Judge clears path for Aave to move $71 million in ETH linked to North Korea hack
Judge Margaret Garnett allowed frozen exploit funds on Arbitrum to move to Aave, but the legal freeze follows the assets as terrorism plaintiffs continue their claim.
What to know:
- A Manhattan federal judge has allowed Aave to proceed with its recovery plan for $71 million in ether tied to a North Korea-linked exploit, permitting the funds to be moved off Arbitrum while for the moment preserving terrorism victims’ legal claims.
- Judge Margaret Garnett’s order modifies a prior freeze so Arbitrum governance can vote onchain to transfer the ETH to an Aave-controlled wallet and shields participants in that vote from liability under the restraining notice.
- The ruling is part of a broader push by terrorism judgment creditors to seize North Korea-linked crypto assets, including a separate lawsuit targeting Railgun DAO and Digital Currency Group over allegedly facilitating the movement of DPRK-controlled funds.
The order also shields participants from liability under the notice, stating that anyone who initiates, votes on or participates in the transfer would not violate the freeze.

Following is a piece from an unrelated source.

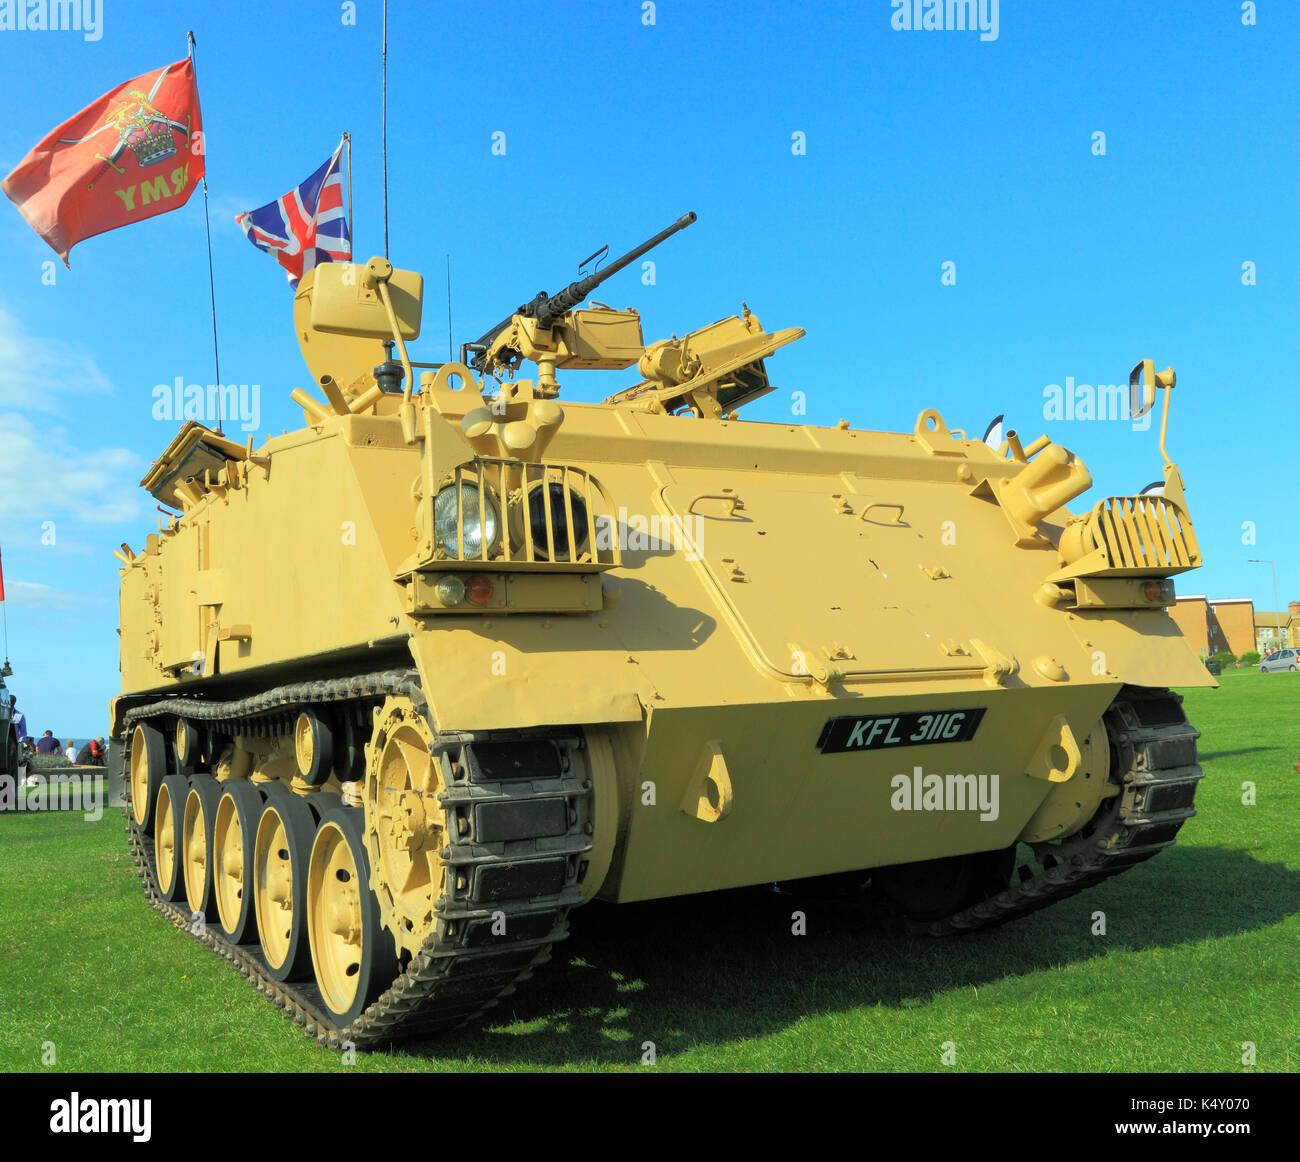 Britische Armee 432 Tank, der in der ersten Irak Krieg eingesetzt, Militär, Fahrzeug, Fahrzeuge, Kriege, Army Flagge Union Jack Flagge, Fahnen, Waffen, Waffen, England, Großbritannien Stockfoto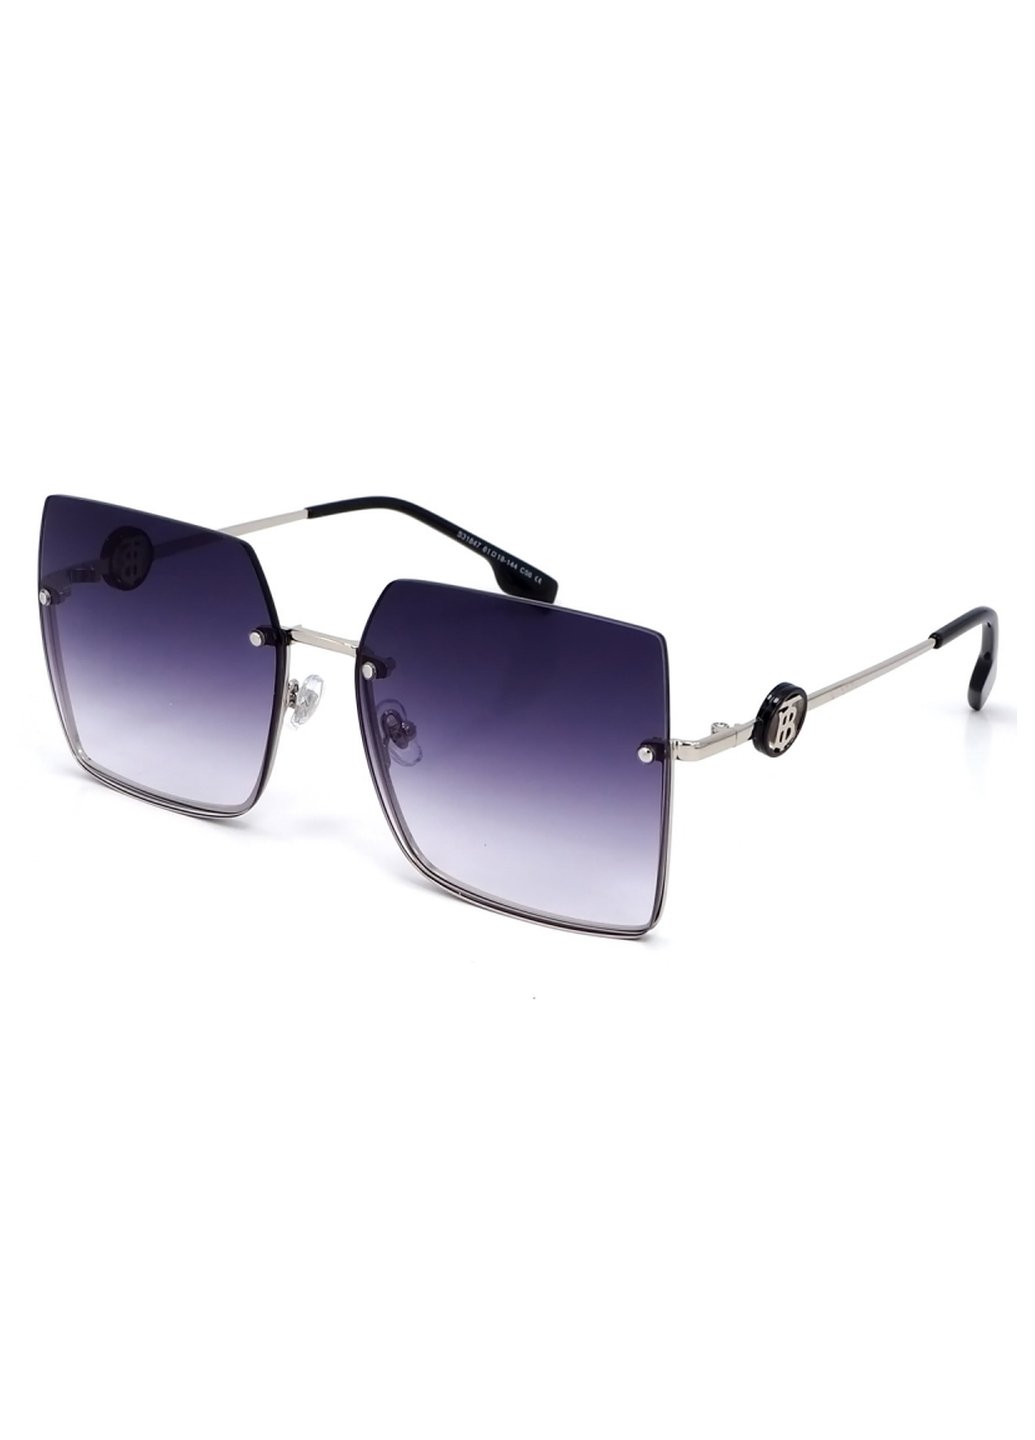 Купить Женские солнцезащитные очки Merlini с поляризацией S31847 117118 - Серый в интернет-магазине

Judge Garnett’s ruling follows an earlier off-chain Snapshot temperature check in which Arbitrum delegates overwhelmingly signaled support for returning the frozen ETH as part of Aave’s broader recovery plan. Any actual transfer, however, still requires a separate binding onchain governance vote.
The ruling resolves an immediate standoff that had threatened to derail a coordinated DeFi recovery effort after attorney Charles Gerstein, representing families holding roughly $877 million in unpaid terrorism judgments against North Korea, argued the frozen ETH could be seized because the exploit has been widely attributed to Lazarus Group, which is supported by Pyongyang.